Danggui Longhui Wan (DLW) is a typical traditional Chinese medicinal prescription for the treatment of chronic myeloid leukaemia (CML) [28,29]. It is made up of 11 herbal medicines. The search for the active compound revealed that only indirubin was effective against CML. The remaining 10 compounds were all inactive. Indirubin was identified as the active ingredient [28]. Indirubin and its analogues are potent inhibitors of cyclin-dependent kinases (CDKs) involved in cell division [30]. Since tumour cells heavily depend on cell division, the inhibition of CDKs will block progression of cell division and so tumour growth. However, indirubin worked well in cell-free tests but proved difficult to be absorbed in the intestinal tract. We will let this stand as one example, where the analysis of TCM can be rewarding to identify the active compound(s). Once identified, they can be further “improved” by chemical modifications. However, as in the case of DLW, one should not dismiss the other ten compounds as useless. Quite the contrary, especially, since the mixture has worked successfully in treating CML in the last two thousand or more years. One can imagine that there are compounds present in the mixture, which might increase the solubility of the active components that by themselves are insoluble. Therefore, TCM that is based on herb mixtures could be a role model for finding an active ingredient and together with complementary compounds it would finally make it a magic bullet.
6. Classification of Flavonoids and Other Polyphenolic Compounds
Polyphenols have been credited with their antioxidant properties targeting protein kinases in general through interaction with the ATP-binding site. Lolli et al. [31] have crystallised different flavonoids together with protein kinase CK2α. The authors showed that apigenin and luteolin, when modelled into the CK1 delta isoform were fitting well. This fit could apply for many other kinases. Baier et al. [32,33] modelled two CK2 isoforms with different flavonoid compounds. Their results support the notion that the tested flavonoids are purely ATP competitive. Especially, apigenin, which is a relative simple flavonoid, could be a role model for other flavonoids. Thirty-four PDB entries correspond to more than 2000 kinase and more than 150 flavonoid entries (one should keep in mind that in these PDB entries the host protein is not necessarily a protein kinase).
In summary we can say that protein kinases can be inhibited by flavonoids through ATP competitive inhibition. This is because of the molecular basic structure of flavonoids that fits well into the ATP binding pocket and the neighbouring hinge region, which provides H-bonds for interactions, yet, this interaction may not apply to all flavonoids.

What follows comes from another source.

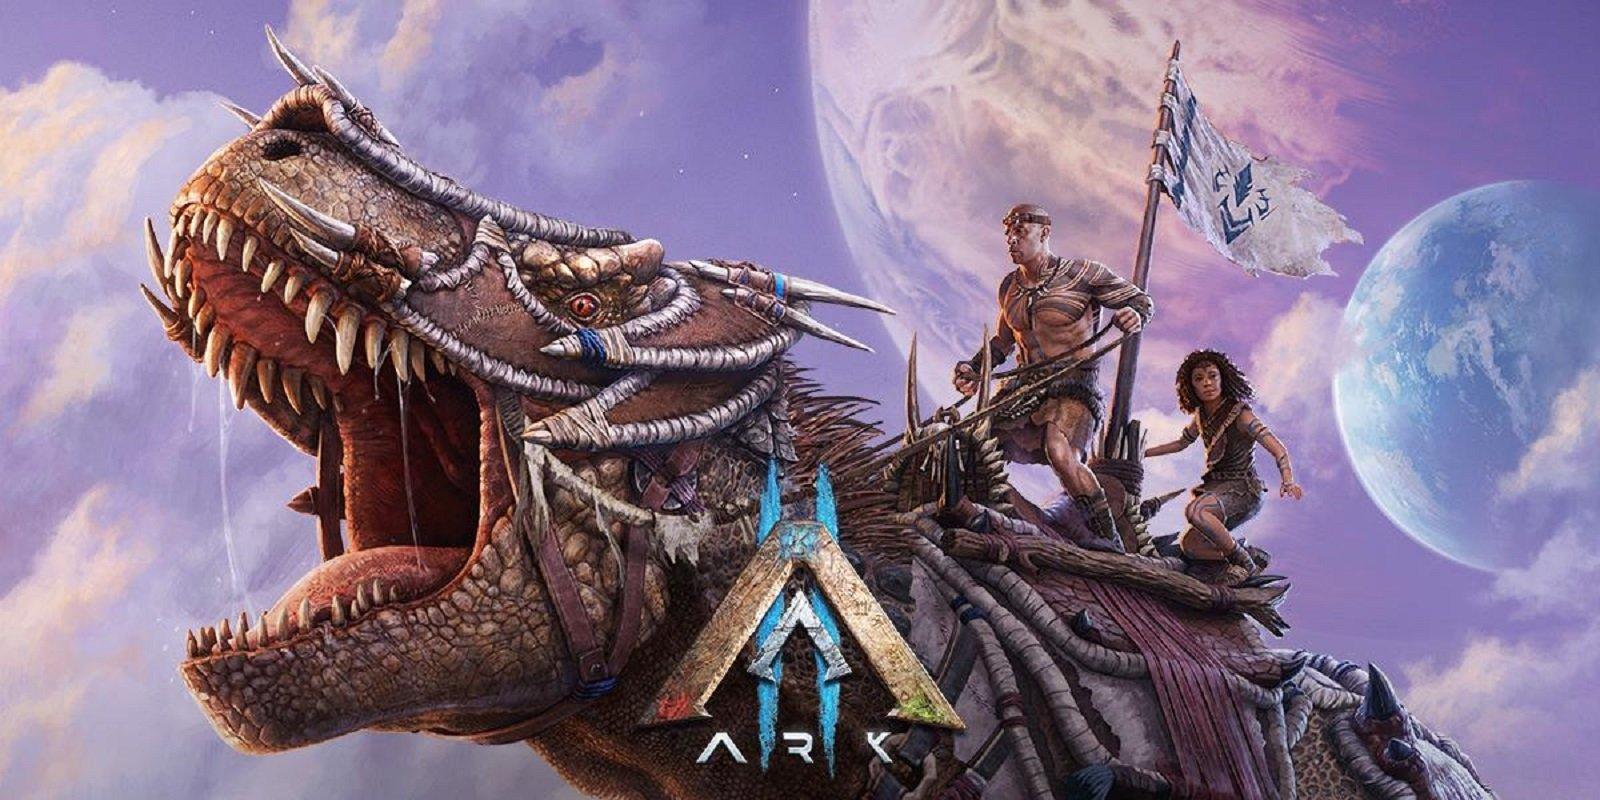 Ark II Announced Featuring Vin Diesel - Game Informer

Polyphenols comprise a wide variety of molecules that have a polyphenol structure, i.e., several hydroxyl groups on aromatic rings, but also molecules with one phenol ring. Polyphenols are subdivided into several major subclasses: phenolic acids, stilbenes, tannins, diferuloylmethanes and flavonoids. There are six major subgroups of flavonoids. They are the most abundant antioxidants in our diet and are common constituents of foods of plant origin and are wide spread constituents of fruits, vegetables, cereal, olive, dry legumes, chocolate and beverages such as tea, coffee and wine [34]. Inhibition of cell growth, antiapoptotic properties, inhibition of tumour cell invasion and inhibition of protein kinase activities are part of the antitumour activities of flavonoids. It is interesting to note that bioflavonoids are by far the largest natural compound group inhibiting protein kinases. In 1994 more than 500 types of flavonoids were reported [35]. Now, 24 years later, the number has grown to ~9000 [36]. Flavones and flavonols contain the largest number of compounds within the group of bioflavonoids. We are presenting here only a selection of the most described members of the flavonoid family and other polyphenol compounds with respect to their effect on protein kinases and cancer.
Flavones
Apigenin is a flavone present in vegetables such as parsley, celery and chamomile [37]. It acts as an effective anticancer natural product on TRAIL, WNT/β-catenin signalling, the JAK-STAT pathway and microRNAs. Moreover, it was shown that it targets the PI3K/AKT/mTOR signalling axis for cancer prevention [38].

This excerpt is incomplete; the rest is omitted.